◆ **GIVEN INFORMATION**
· · ·
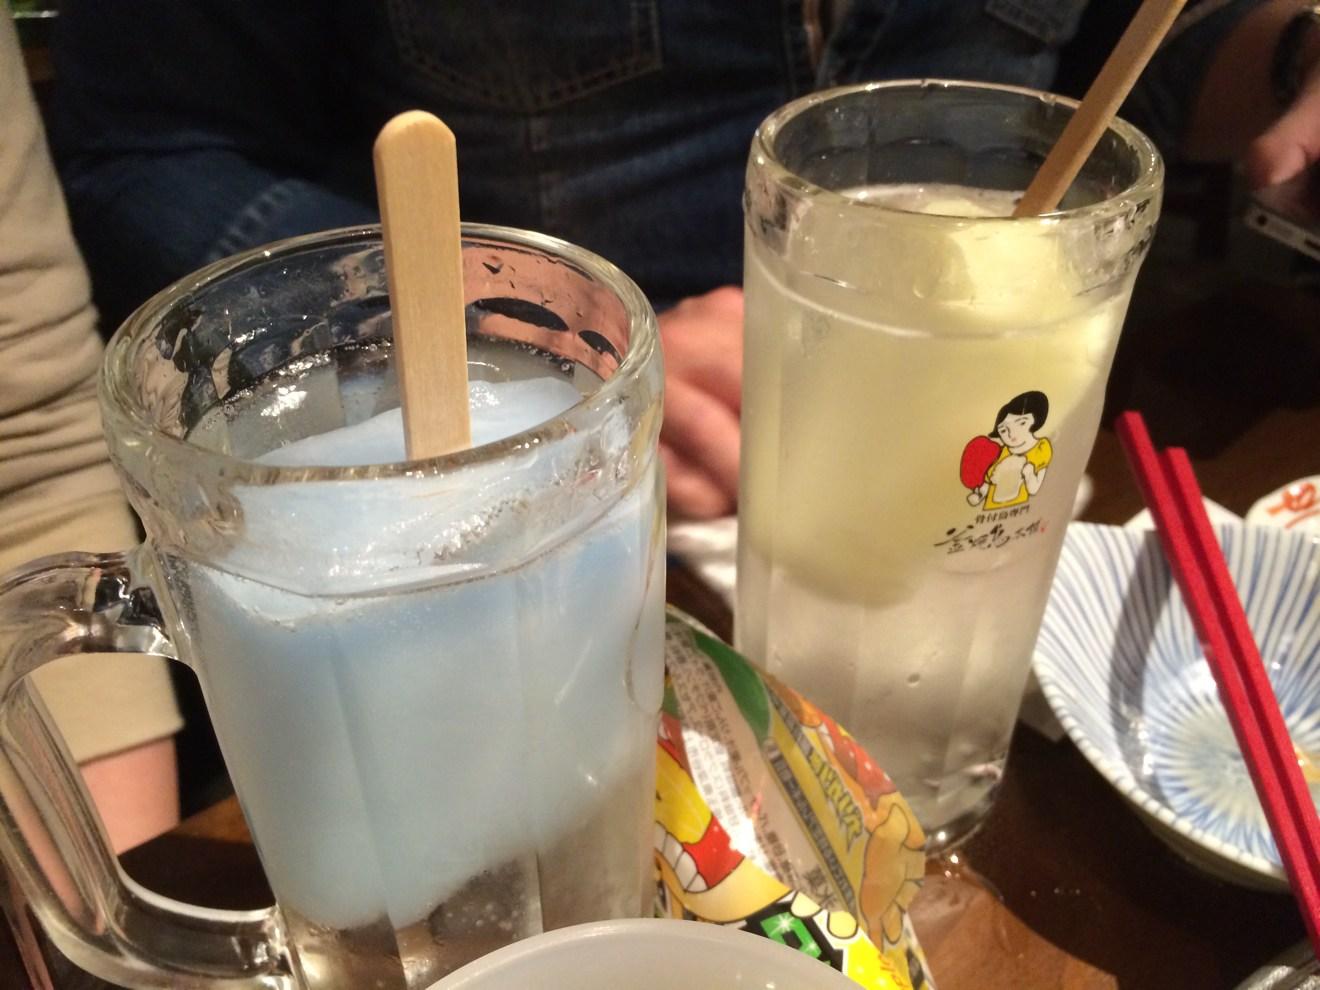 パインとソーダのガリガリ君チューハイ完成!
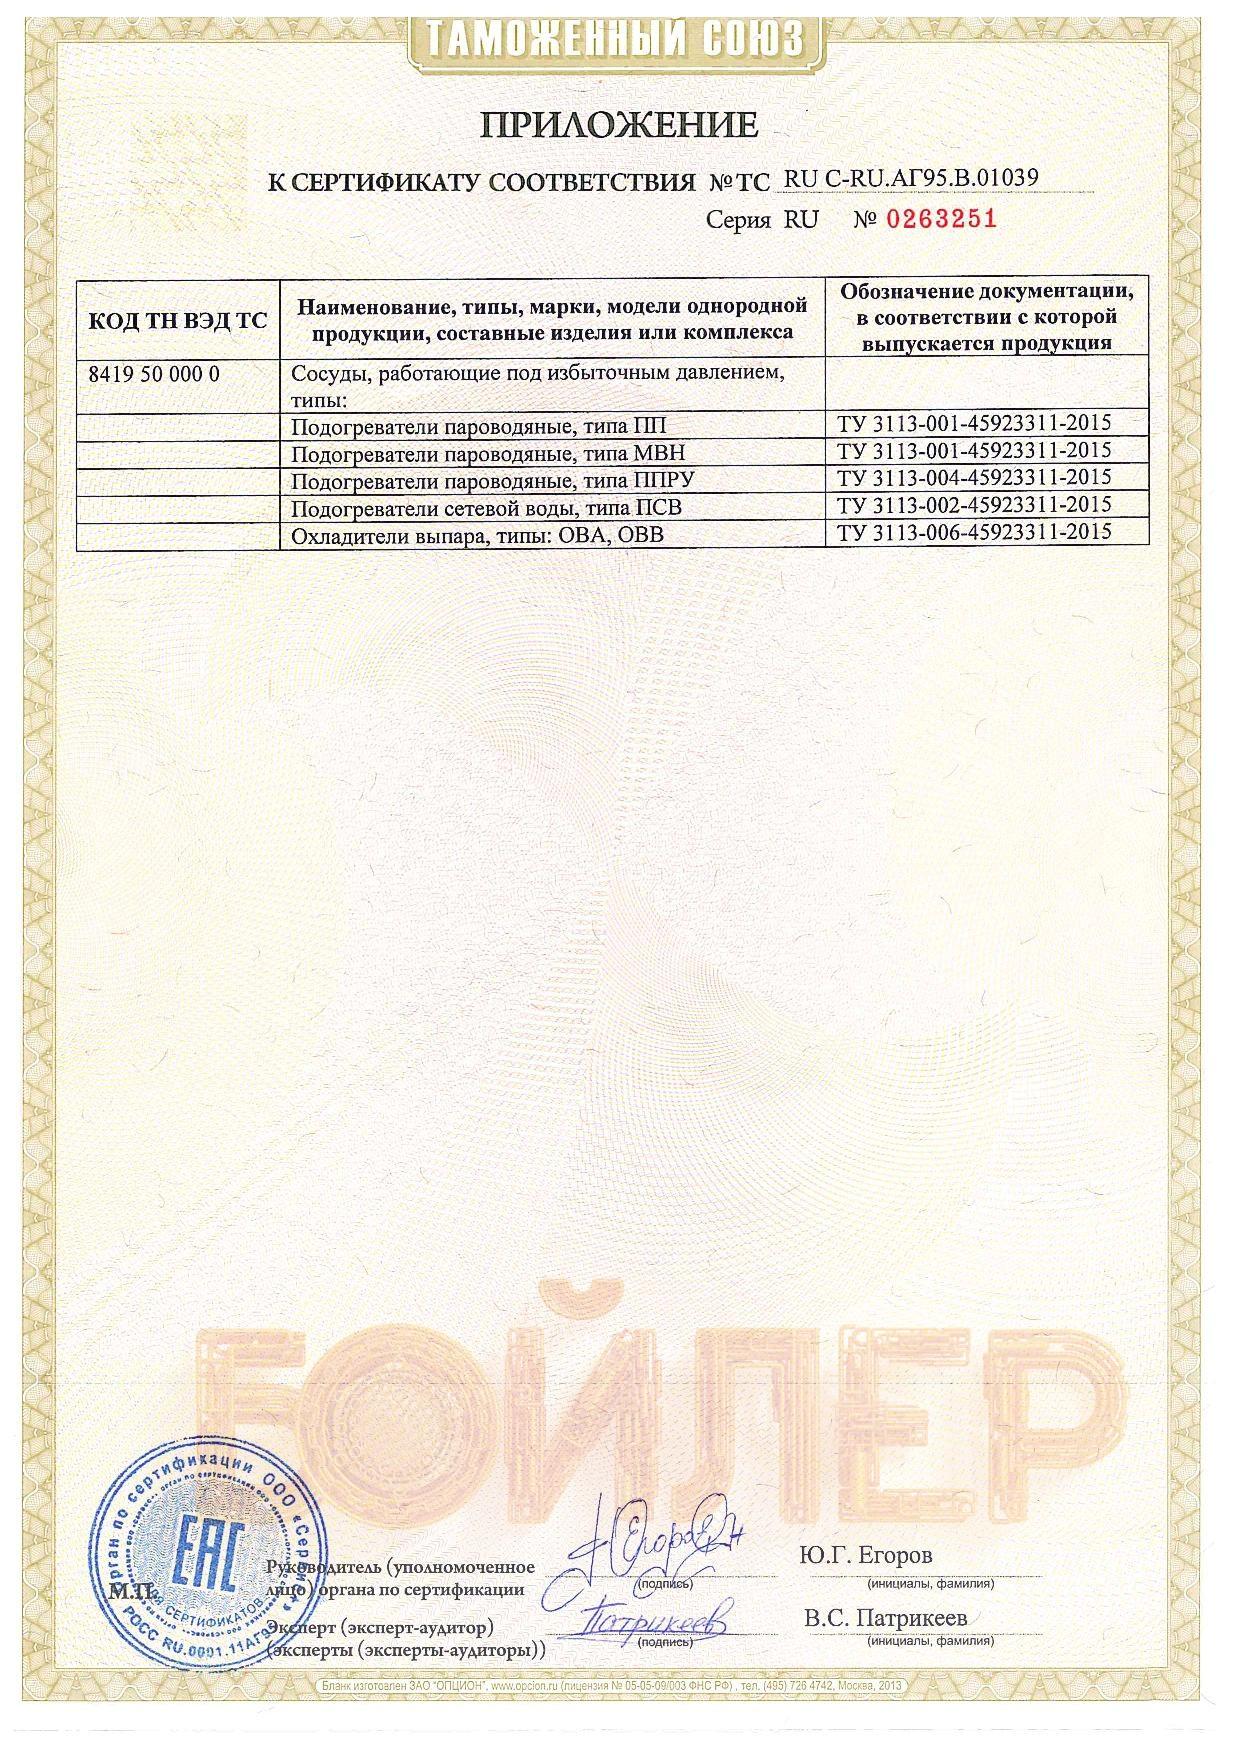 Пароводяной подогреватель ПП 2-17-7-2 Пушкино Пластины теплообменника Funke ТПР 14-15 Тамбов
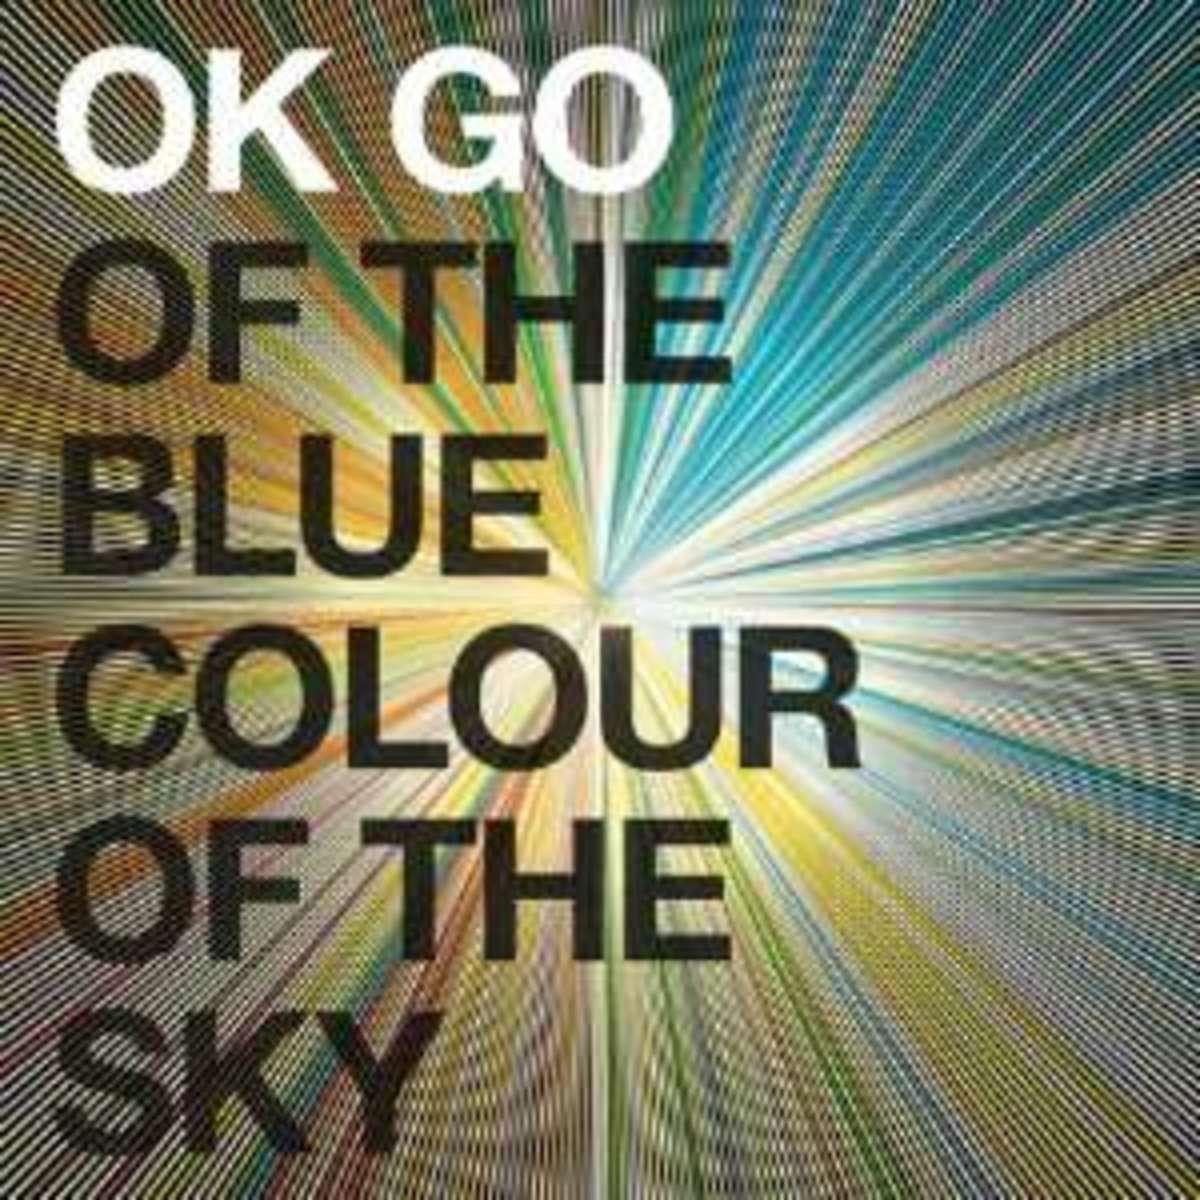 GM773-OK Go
· · ·
◆ **WORK INSTRUCTIONS**
Aside from its pictures, the listing must be given again in full, exactly as it appears.

◆ **SOLUTION TO THIS TASK**
 パインとソーダのガリガリ君チューハイ完成!
 Пароводяной подогреватель ПП 2-17-7-2 Пушкино Пластины теплообменника Funke ТПР 14-15 Тамбов
 GM773-OK Go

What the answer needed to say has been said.